Delivering a validated AI Factory stack for agent workloads on Nebius AI Cloud with DataRobot
March 18, 2026
7 mins to read
AI agents are increasingly being deployed into live business workflows, where sustained inference performance, runtime governance and unit economics matter as much as model quality. Systems must handle continuous token generation, maintain low latency under load and enforce governance controls while keeping inference costs predictable.
At NVIDIA GTC 2026, Nebius and DataRobot, with NVIDIA, announced a validated AI Factory stack designed for production-grade agent workloads.
The DataRobot Agent Workforce Platform, co-engineered with NVIDIA, is now supported on Nebius AI Cloud through a validated configuration optimized for running agent workloads in production environments.
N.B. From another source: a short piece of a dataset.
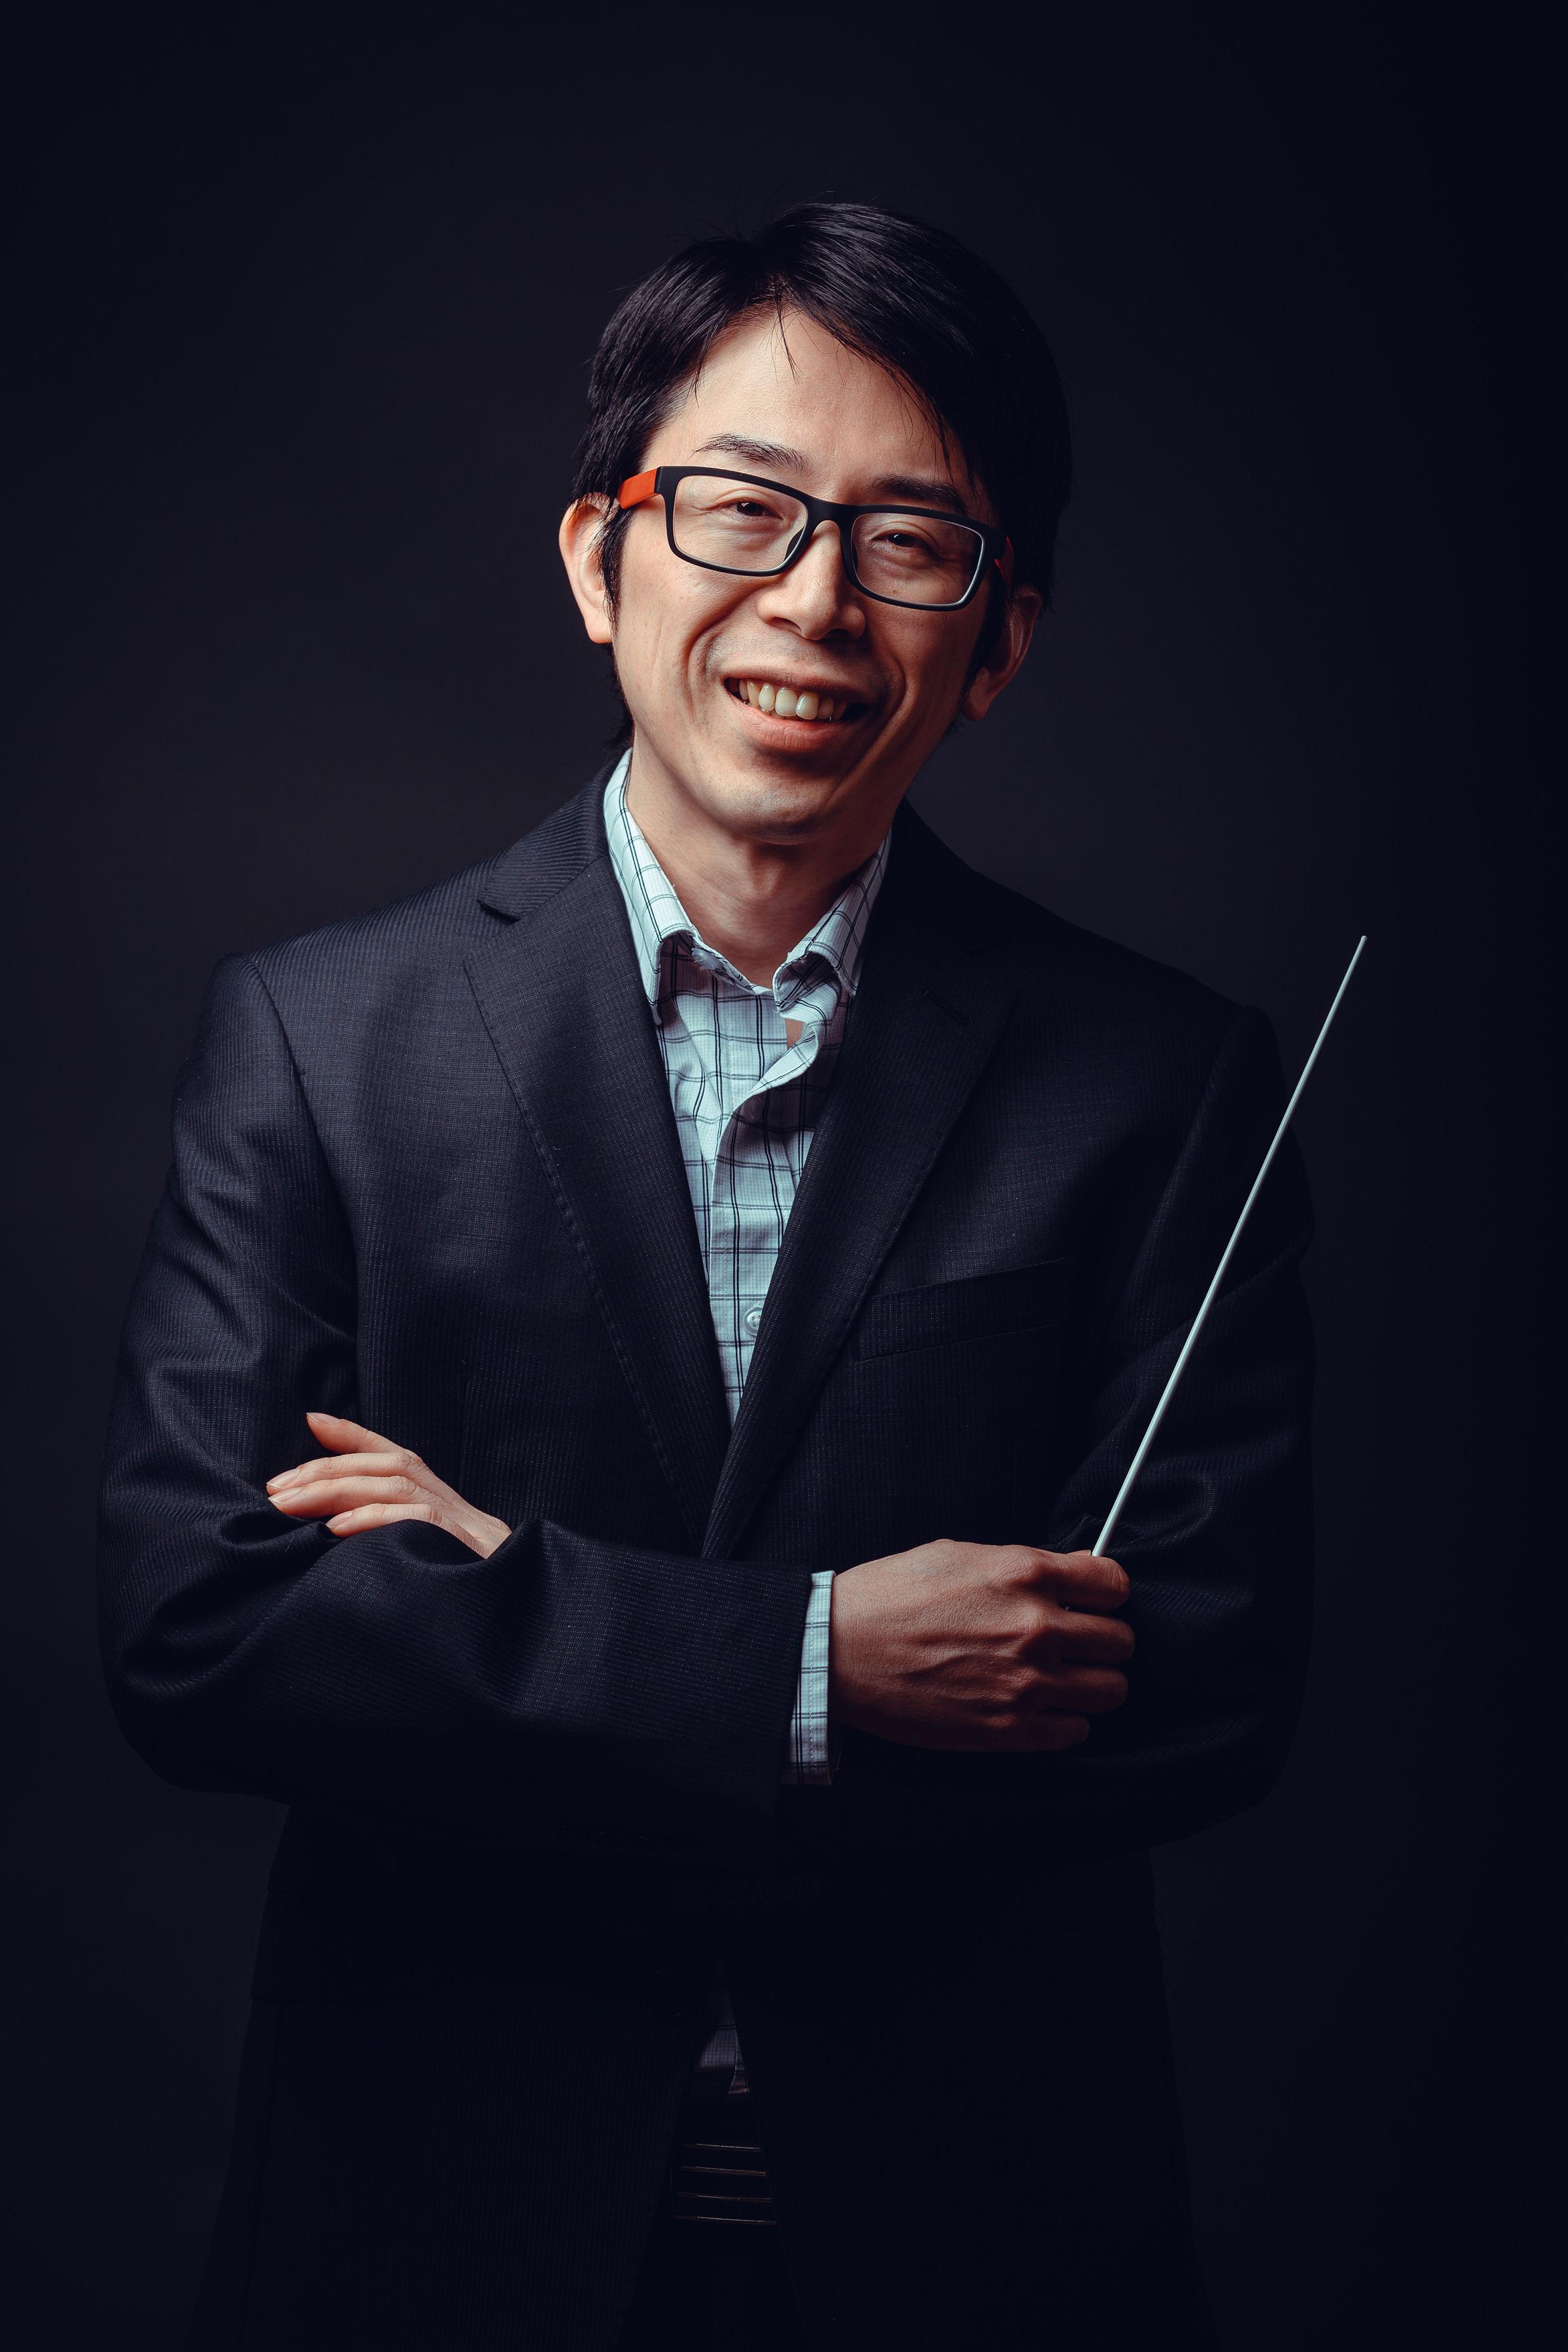 Photo of Yohei Sakai, Artistic Director

This brings together comprehensive agent lifecycle management and a validated AI Factory stack purpose-built for sustained token throughput, ultra-low latency, workload isolation and production grade elasticity with end-to-end governance.
This end-to-end agent lifecycle management platform provides a production-ready path for enterprises deploying AI agents into live workflows where governance, sustained inference and cost control matter as much as model capability.
Nebius AI Cloud provides the infrastructure foundation for running agent workloads. Nebius Token Factory provides serverless access to models for generating tokens. DataRobot sits above these layers, providing the platform used to build, govern, and operate AI agents that rely on those models. Together, these components form the validated AI Factory stack used in this configuration:
DataRobot’s Agent Workforce Platform provides the enterprise layer for building, governing, deploying, and operating AI agents.
NVIDIA AI infrastructure and AI software — including NVIDIA NIM microservices and NVIDIA NeMo Guardrails integrated into DataRobot’s platform — provide the validated AI software components used to support agent execution, policy enforcement, and enterprise controls.
Nebius AI Cloud provides the purpose-built infrastructure layer for running agent workloads. This includes serverless experimentation through Nebius Token Factory, as well as dedicated clusters supporting NVIDIA NIM-based deployments for sustained production inference.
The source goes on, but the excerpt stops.